We will offer two pilot sections of Portico this fall. A schematic follows
Portico Schematic 1
Pre-Term: One day, group site visit; one day (?) on campus smaller groups
Weeks 1-2: Sections by day, twice a week as the norm; occasional plenary evening sessions to supplement or replace day sections
Week 13: Group extravaganza (!)
Delivery at full launch: 20 sections of 25 with two juniors as TA’s
A Final Type: Contemplatives in Action
The hope we harbor for Portico is to foster an approach to ethics that bears the Ignatian impress.
We hope to assist in the formation of young professionals whose preparation will be informed by historical-mindedness, ethical sensitivity, a capacity for personal discernment and technical virtuosity.
They should be principled but pragmatic, not quick to abandon the hope of principled engagement nor cynical about the possibility of realizing principles at all.

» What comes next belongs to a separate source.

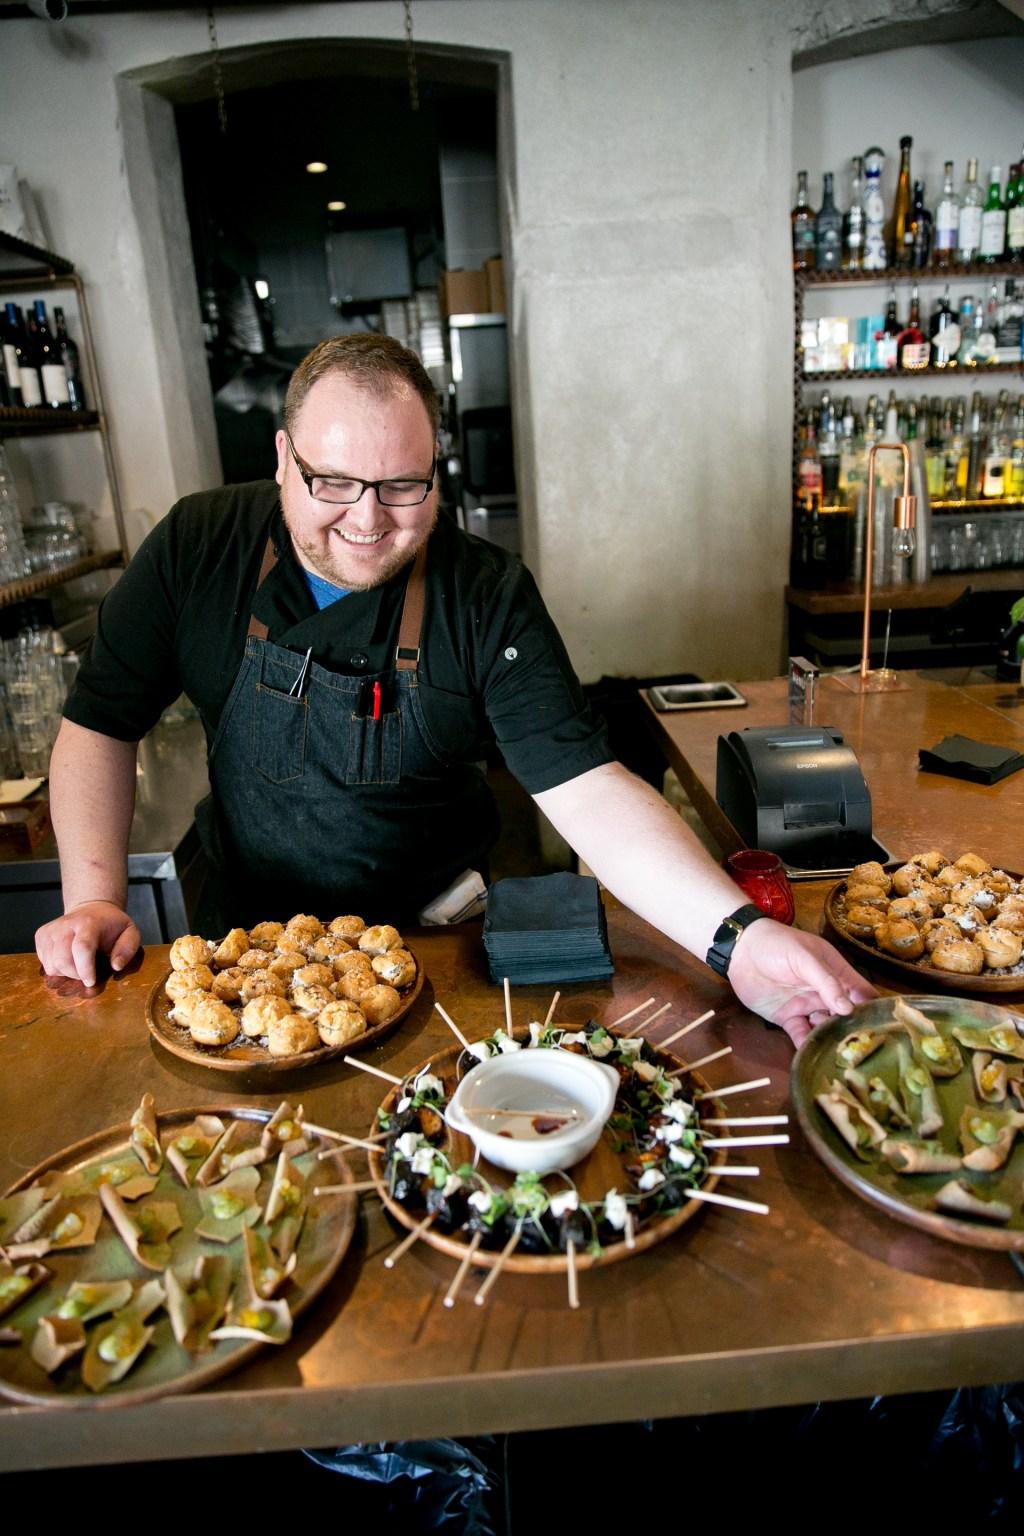 Chef Maximillian Petty, of Eden Hill, prepares local Seattle fare including crispy octopus, sea scallop madrone bark, Eden Hill foie gras cake batter with strawberries and more…

Portico should function as a kind of examen that frames their progress through the undergraduate program and offers a model for beginning professional life.
Coda
At the midpoint of Plato’s
Gorgias
—a text we will use in a section of Portico devoted to ethics— the young, brash and threatening Callicles advises the old, reserved and pacific Socrates that he still has time to make something of his life. All he needs to do is “take up the Fine Art of Business and cultivate something that will give you a reputation for good sense.” 7 In the carefully crafted dialogue that ensues,
Socrates brings Callicles to the brink of admitting that the philosophical life, not Callicles’s, is the only one worth pursuing but Callicles finally demurs. He remains unconvinced.
How will we fare with Portico? Might it function more as a faux entryway, a piece of trompe- l’oeil, an intellectually and aesthetically appealing cover masking what Newman called the “hot pursuit of gain?”
We hope, of course, for more: for a real entryway into a life of the mind and the professions that entices, inspires and ennobles. For such a life is genuinely worth a hot pursuit.